Neither the girl, the boy nor the man who remembered them had any doubt about the fact that the boy was losing. And even now, with the Kropatscheck reassembled in his hands and darkness still using his eyes, the bearded tramp could summon up Marzaq al-Turq's thin face and that of the red-haired girl, all rounded cheeks and down-turned mouth, which only levelled out on the rare occasions when she smiled.
"Please," Moz said, as he combed lemon-juice highlights into the hair of a girl called Malika. "This is important."
Back then, the house had belonged to the English woman and it sat on the corner of Derb Yassin and a nameless alley, in the old Jewish district, in the days when the Mellah still held more than a handful of Yehoudia. Once, of course, there had been nearly forty thousand Jews living in the Mellah, but the foundation of Israel and the Arab-Israeli conflicts had put an end to that.
When begging didn't work, Moz tried blackmail. "Look," he said, "you have to--"
"No," said the girl, "I don't." Her patience had gone, her voice was tight. If Moz possessed more sense he'd have paid attention to Malika's warning signs.
"You would," Moz insisted, "if--"
"If what? I loved you?"
Moz nodded.
"You know," Malika said, "my mother warned me about boys like you."
It was a bad joke. The woman was long dead and there were no other boys like Moz in Marrakech, nor girls like Malika either; that was what they told themselves.

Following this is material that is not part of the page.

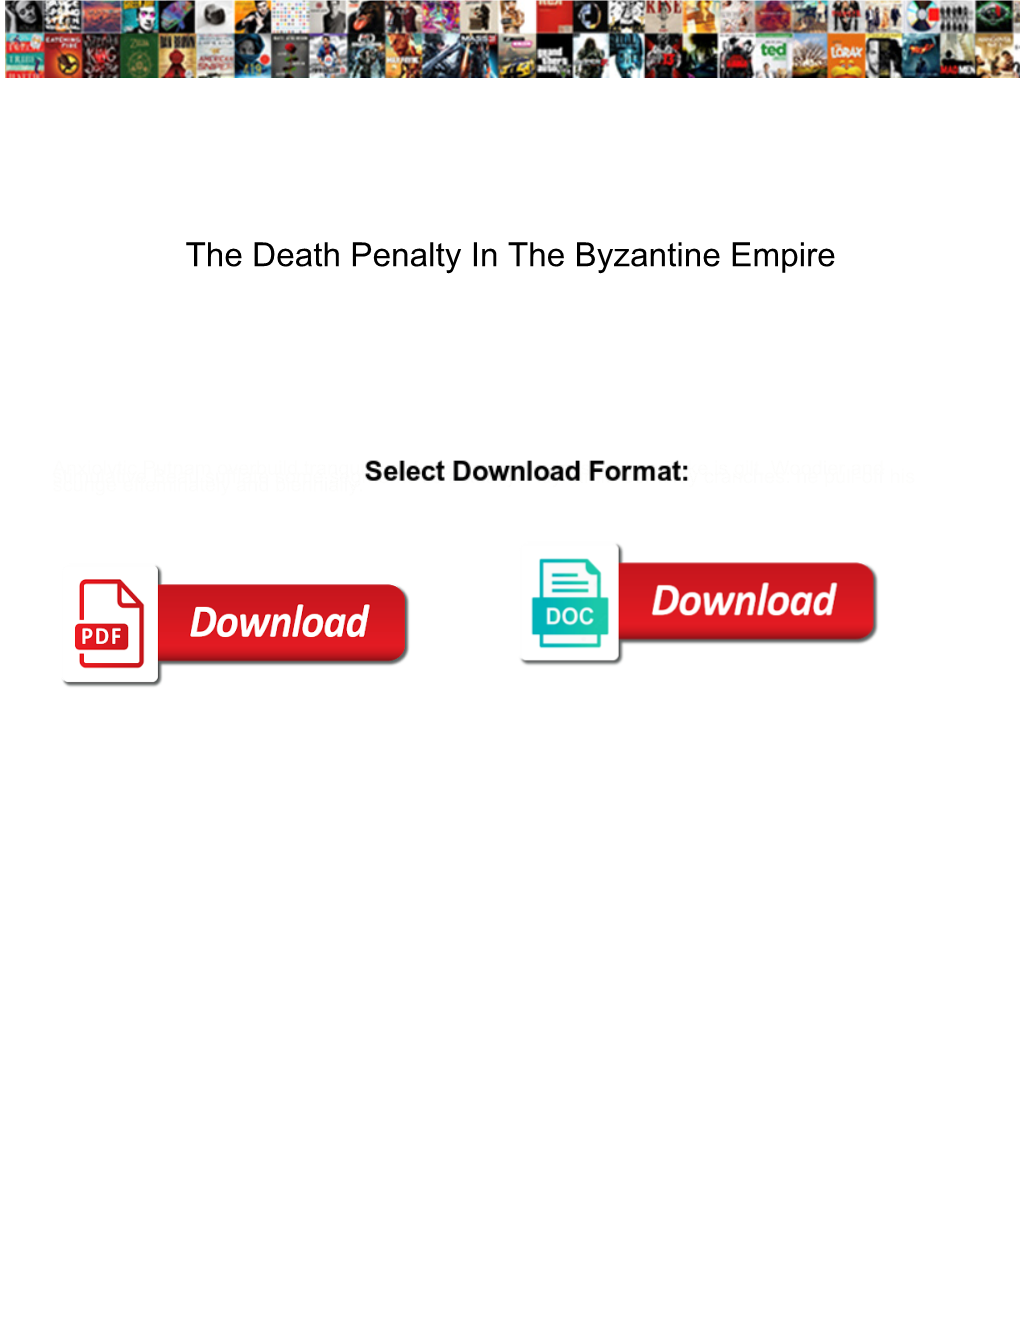 The Death Penalty in the Byzantine Empire

Moz and Malika were what Marrakech had for punks, a half-English waif given to wearing men's shirts instead of dresses and a half-German boy in jeans, with newly dyed black hair and shades stolen from his employer, Jake Razor.
Sat there on the roof of Dar el Beida, at a time somewhere between noon and the next call to prayer, an hour when the city panted like an old cur under the weight of its own exhaustion, and only cats and occasional hippies were stupid enough to roam the maze-like streets of the Mellah, Moz finally realized that Malika wasn't going to do what he wanted.
Beyond a certain point friendship broke. As for love, it seemed that was more fragile still.
"I can't," said Malika, as she took back her comb.